An interesting side note is that all of the residents worked at the Jackson Adult Center. Each weekday, they were supposed to be awake, dressed, have their beds made and breakfast eaten by 7:30 a.m. Vet, only one of the residents was dressed. The others, including the six fatalities, were either in pajamas or naked. And there was no indication that anyone heard the fire alarm sounding.

At presstime, the State Fire Marshal’s Office, the Hamilton County Prosecutor’s Office and the State Board of Mental Retardation were still investigating this fire.

Hose line is stretched up fire escape to protect members searching for additional victims.Simultaneous exterior entry of third floor assures a more thorough primary search.

Future problems

All of the residents of this group home had originally been housed at Orient Developmental Center in Orient, OH. This facility was under a court order to close down by early 1984 and return the inhabitants to their home counties. This, coupled with the growing advocacy of home-like environments for mentally disabled, elderly, prison parolees, problem children and adolescents has created a new fire safety hazard.

In the last few years, several fires have occurred at so-called group homes across the nation, resulting in multiple fatalities. Some met state and local codes; others did not. Questions are being raised as to whether current codes are stringent enough to protect those individuals with physical or mental handicaps.

Chief Wells feels that requiring sprinkler systems would go a long way towards preventing loss of life. He states, “I think it’s an absolute necessity when you’re dealing with resident homes where the people already have some type of problems that may not allow them to respond in a normal manner to a fire situation. And 1 feel certain that had there been an operable sprinkler system in that building, the fire would have never gotten out of that first floor room.”
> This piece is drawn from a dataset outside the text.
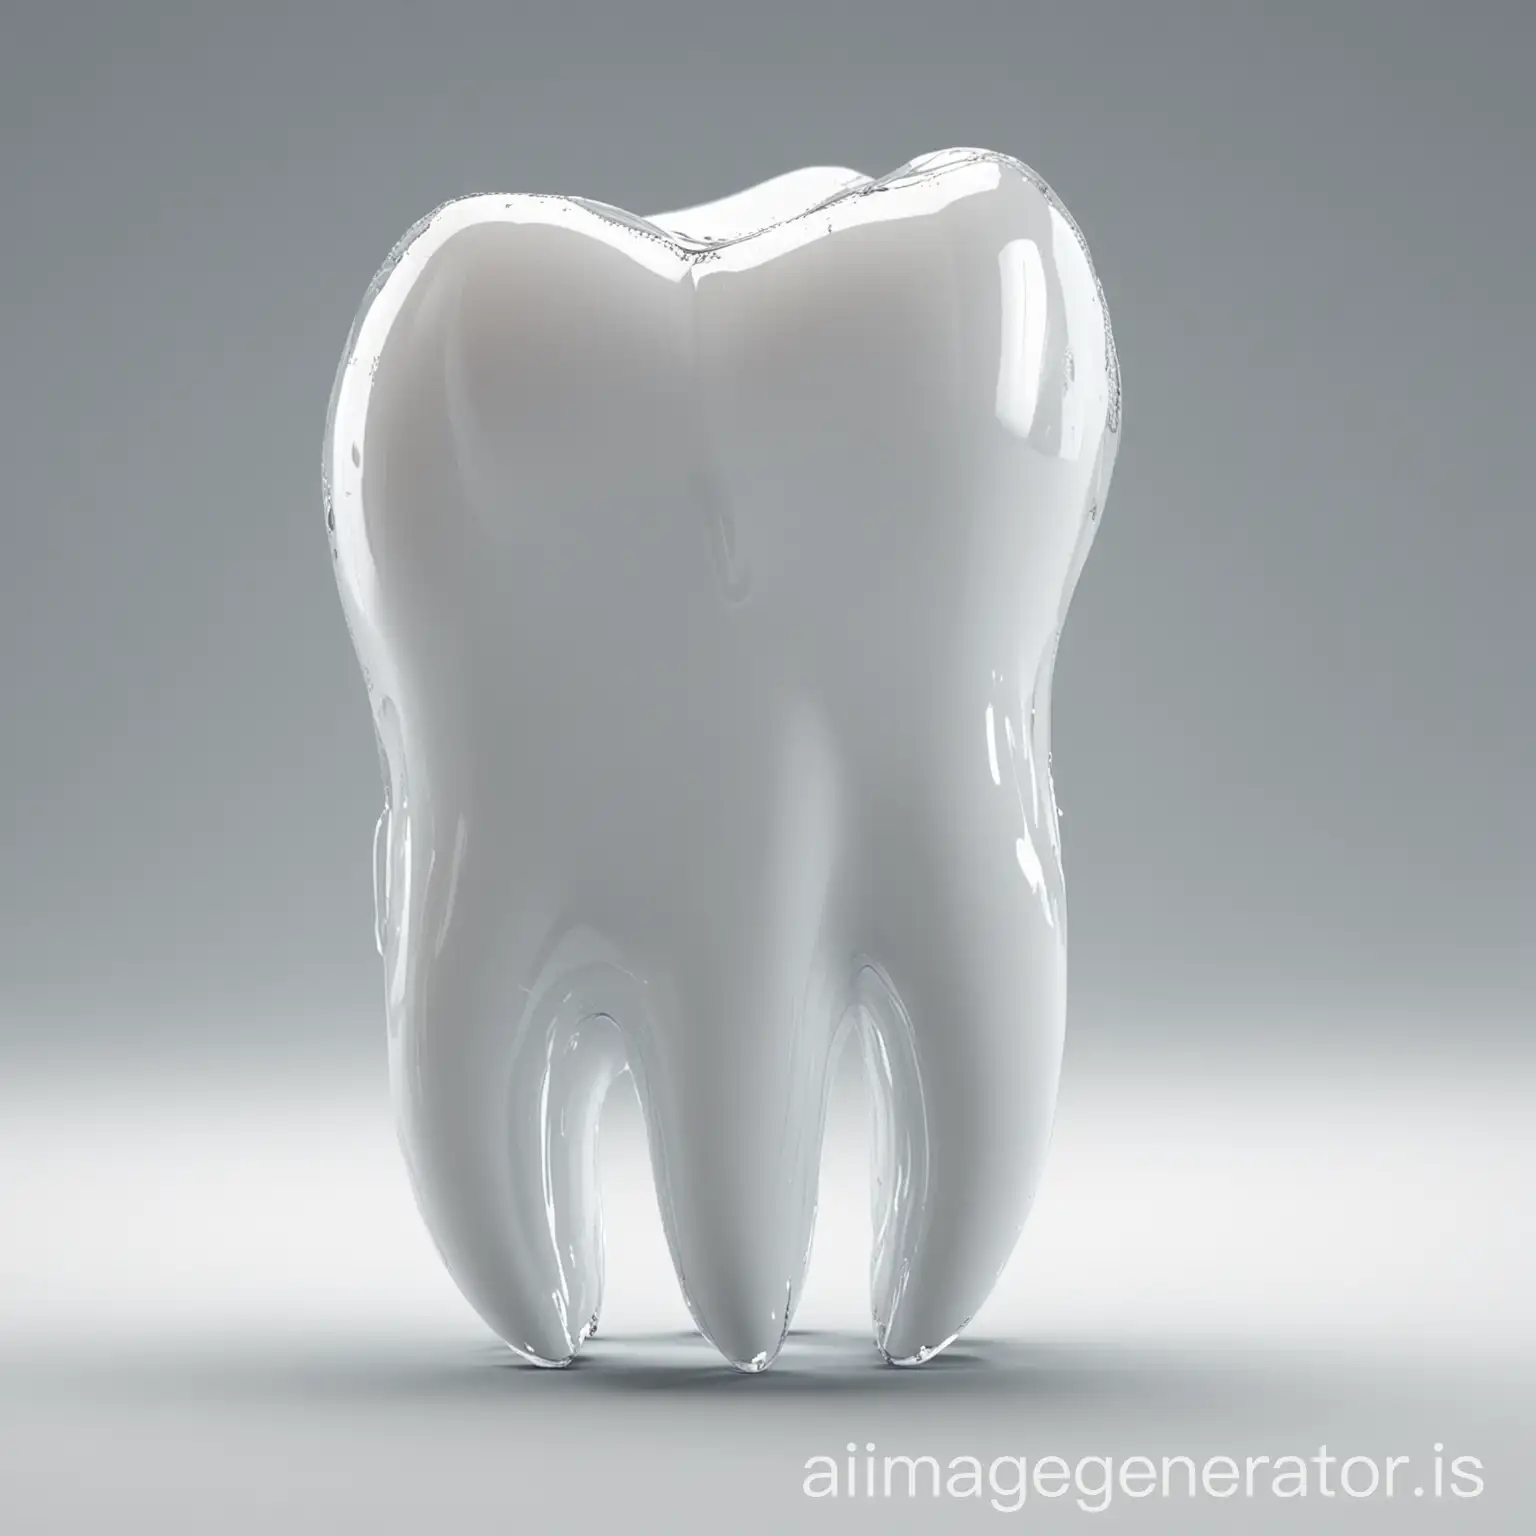 single tooth, white, bright, clean, transparent, c4d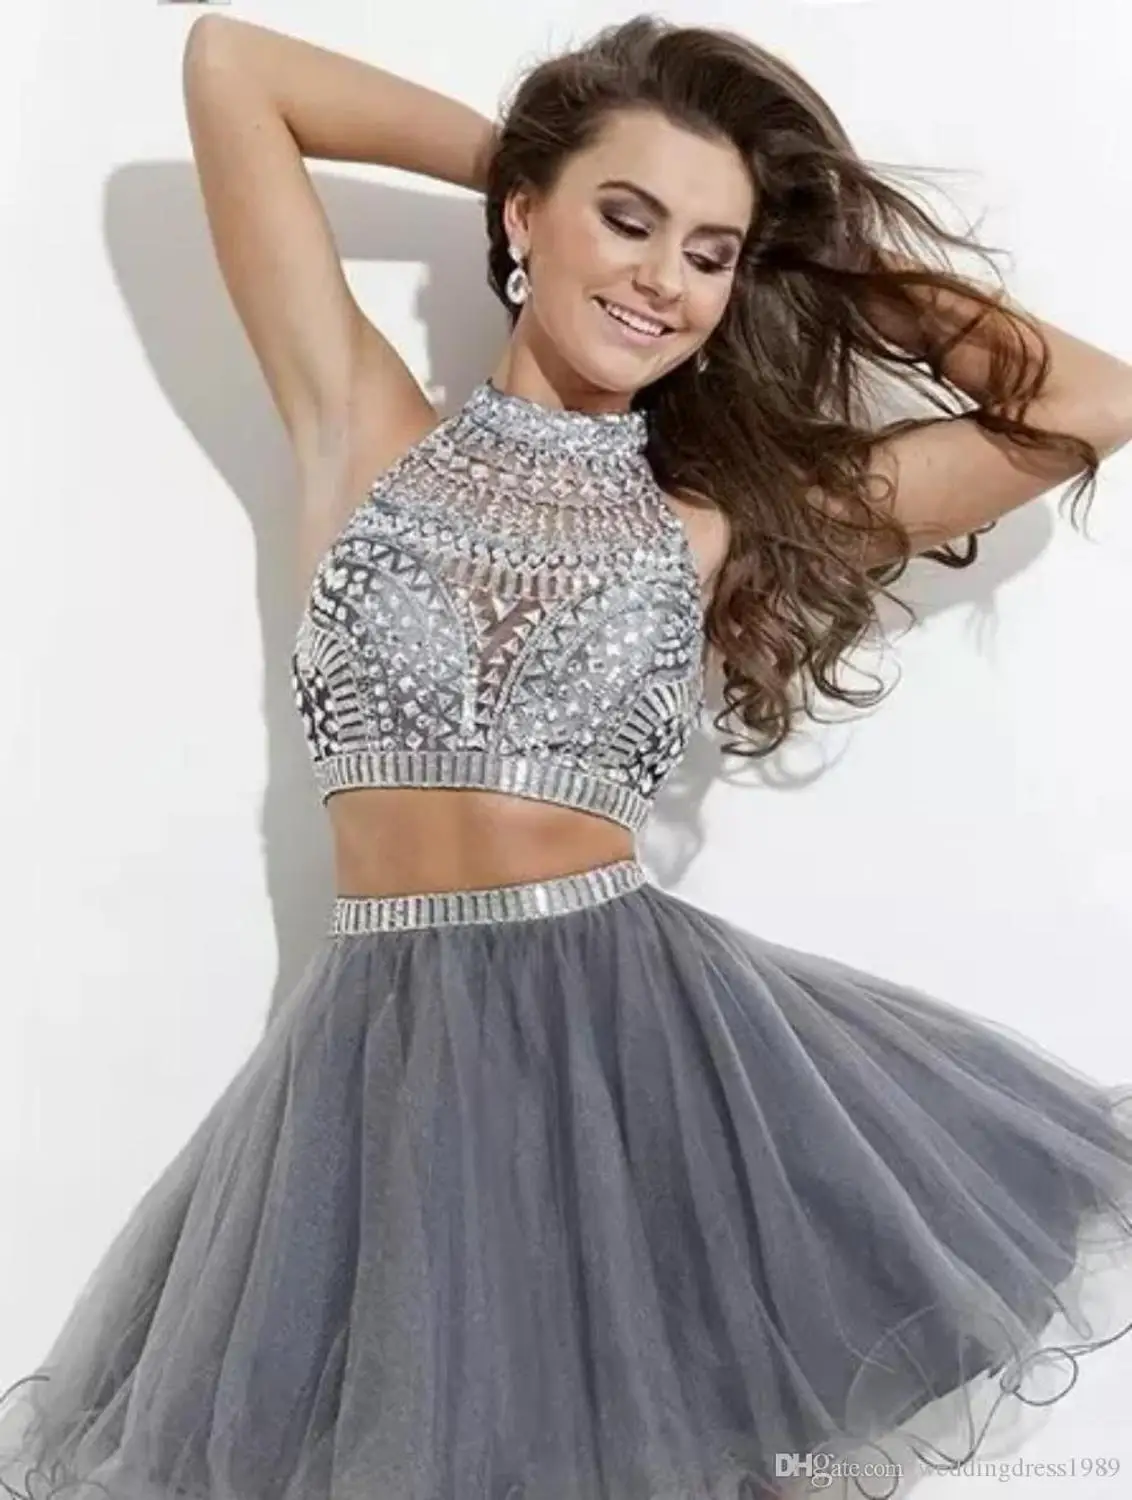 

Sexy Homecoming Dresses A-line High Neck Tulle Embellished Two-piece Beaded Graduation Dress Cocktail Party Dresses Mini Skirt

As a result of this fire, Chief Wells is organizing a statewide campaign to change the building codes for such residences. Also, a committee has been formed in Columbus to study whether or not changes are necessary. As the group home or boarding home concept becomes more popular, an increasing number of fires involving multiple fatalities are occurring which warrants the attention of fire department personnel across the nation.

Chief Wells has contacted the fire chiefs and building directors in Ohio’s 10 major cities. Together, they plan to lobby in Columbus for a change in state code to require that group homes have operable sprinkler systems. Dayton and Akron are both drafting city ordinances to this effect, but Chief Wells feels that a statewide code would be more effective. “It should be a statewide regulation so that it doesn’t impose a burden on any one locality.”

In an article for the National Fire Protection Association, Dave Holton, chief investigator for the U.S. House of Representatives Select Committee on Aging agrees that changes in codes need to be made. “Local, state and federal fire and health authorities have been ill-prepared to deal with this complex and growing industry. In some instances, inappropriate codes are being applied; in others, basic codes are not being enforced . . . . Assuring adequate protection for this growing class of residential occupants may be the greatest challenge facing fire protection personnel in the 1980s.”

“I’m certain that had there been an operable sprinkler system, the fire would never have gotten out of that first floor room. Sprinklers are a necessity when you’re dealing with people who cannot respond in a normal manner in a fire situation.”

“Assuring adequate protection for this growing class of residential occupants may be the greatest challenge facing fire protection personnel in the 1980s.”